Publié le par Rosalie210

William Friedkin (1973)

L'Exorciste (The Exorcist)

Comme "Les Dents de la mer" (1975), "L'Exorciste" (1972) est un film dont j'avais vu des bribes tant il a infusé dans le cinéma et au-delà. L'ouverture de l'album "Tubular Bells" de Mike OLFIELD, l'affiche inspirée du tableau surréaliste de René Magritte "L'Empire des Lumières" où s'affrontent le jour et la nuit d'où se détache l'ombre de la haute silhouette de Max von SYDOW ou encore les plans de contorsions physiques du personnage de Regan (Linda BLAIR) instaurent une familiarité avec un film qu'aujourd'hui pourtant peu ont réellement vu. Un film que ses images les plus célèbres sont loin d'épuiser tant il contient de mystères et de symboles dont nous n'avons pas forcément la clé (ou une clé simpliste) comme l'escalier, la vierge profanée, les flashs mentaux ou le rêve du père Karras (Jason MILLER). Pour ma part, le film m'inspire quelques réflexions:
- L'importance que joue le "retour du refoulé" dans le film. Ce n'est pas par hasard si la première séquence qui se déroule en Irak montre des fouilles archéologiques menées notamment par le père Merrin (Max von SYDOW) qui aboutissent à l'exhumation d'une statue de démon. L'Irak est l'un des berceaux de l'humanité, aussi ces fouilles peuvent être interprétées comme un retour aux sources et ce retour aux sources s'accompagne de la redécouverte du mal et de tout ce qui lui est associé, chassé de la civilisation occidentale par la religion chrétienne mais aussi par le rationalisme scientifique, lui-même très lié à la philosophie des Lumières.
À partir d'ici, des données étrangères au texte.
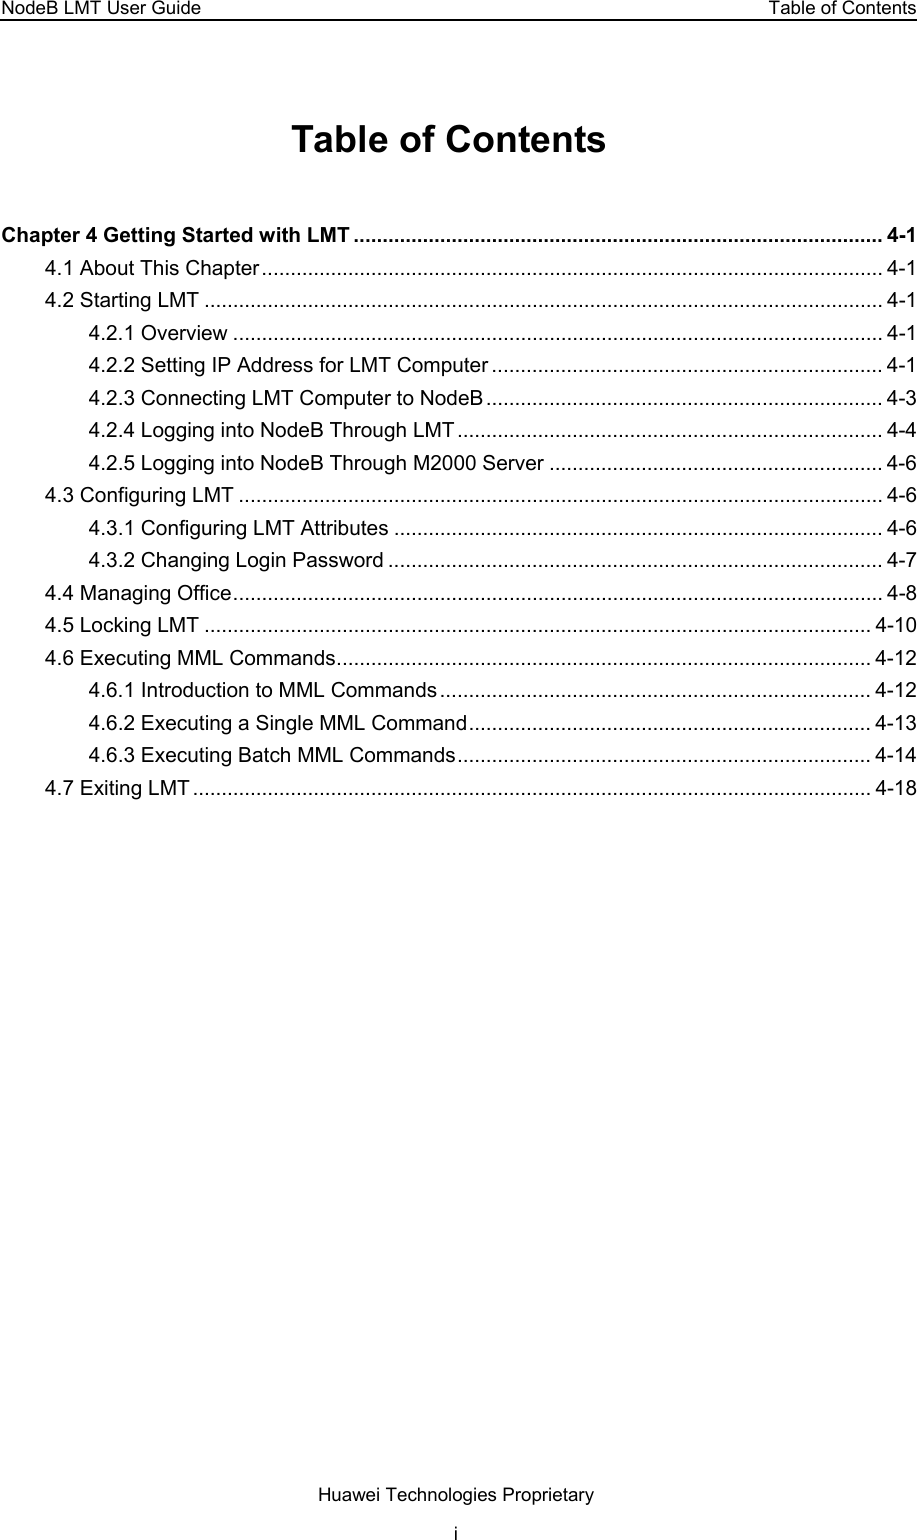 NodeB LMT User Guide  Table of Contents Table of Contents Chapter 4 Getting Started with LMT ............................................................................................ 4-1 4.1 About This Chapter............................................................................................................ 4-1 4.2 Starting LMT ...................................................................................................................... 4-1 4.2.1 Overview ................................................................................................................. 4-1 4.2.2 Setting IP Address for LMT Computer .................................................................... 4-1 4.2.3 Connecting LMT Computer to NodeB..................................................................... 4-3 4.2.4 Logging into NodeB Through LMT.......................................................................... 4-4 4.2.5 Logging into NodeB Through M2000 Server .......................................................... 4-6 4.3 Configuring LMT ................................................................................................................ 4-6 4.3.1 Configuring LMT Attributes ..................................................................................... 4-6 4.3.2 Changing Login Password ...................................................................................... 4-7 4.4 Managing Office................................................................................................................. 4-8 4.5 Locking LMT .................................................................................................................... 4-10 4.6 Executing MML Commands............................................................................................. 4-12 4.6.1 Introduction to MML Commands........................................................................... 4-12 4.6.2 Executing a Single MML Command...................................................................... 4-13 4.6.3 Executing Batch MML Commands........................................................................ 4-14 4.7 Exiting LMT ...................................................................................................................... 4-18 Huawei Technologies Proprietary i

Est-il alors surprenant que le film montre des représentants de ces deux institutions (l'Eglise et la Science) face au retour en force de ce mal, insidieusement suggéré par la rengaine obsédante de "Tubular Bells"?
- La nature de ce mal est forcément le négatif de tout ce que n'est pas la Science, la Raison et la Religion. Elle relève de l'inconscient (ultra-présent dans le film qui fonctionne comme un long cauchemar) c'est à dire toutes les forces obscures et incontrôlables tapies en l'homme qui ne sont ni rationalisables par la Science ni moralisables par la Religion. C'est bien pour cela qu'elles représentent "l'altérité" dans un monde que ces pensées rendent binaires et manichéen: l'Orient contre l'Occident mais aussi l'homme contre la femme. Car les institutions fonctionnent selon le modèle du patriarcat et c'est justement son délitement au niveau familial dans les années 70 (la mère de Regan est séparée du père et élève sa fille seule) qui ouvre une brèche dans lequel le mal va s'engouffrer. La femme (puissante sexuellement) associée au démon dans le christianisme l'est aussi dans la médecine en tant qu'être irrationnel (c'est à dire sensible aux émotions) face à un homme qui ne serait que raison. Ainsi l'hystérie est intrinsèquement lié au féminin par le langage puisque hystéra signifie utérus en grec.
- Il y a donc un parfait continuum dans le film entre le supplice qu'inflige la médecine à Regan et celui que lui inflige la religion: une véritable crucifixion. "L'Exorciste" décrit de façon clinique puis sataniste l'acharnement thérapeutique vain des institutions patriarcales sur une très jeune fille dont il n'aura échappé à personne qu'elle est à la veille de sa puberté, donc de ses règles et de son éveil sexuel. Tout cela étant refoulé au profit de la vision puritaine (seule acceptable) de la jeune fille -dont la statue de la Vierge est l'émanation avant sa profanation éloquente - cela se manifeste d'une manière monstrueuse. Un monstre qui ne peut être vaincu que de deux façons: en tuant Regan (l'autre) ou en laissant entrer le monstre en soi. Car si "L'Exorciste" est si puissant, il ne le doit pas seulement a ses moments-chocs mais aussi à l'étirement extrême des séquences de "traitement", mettant au supplice le spectateur à qui il n'épargne aucun détail.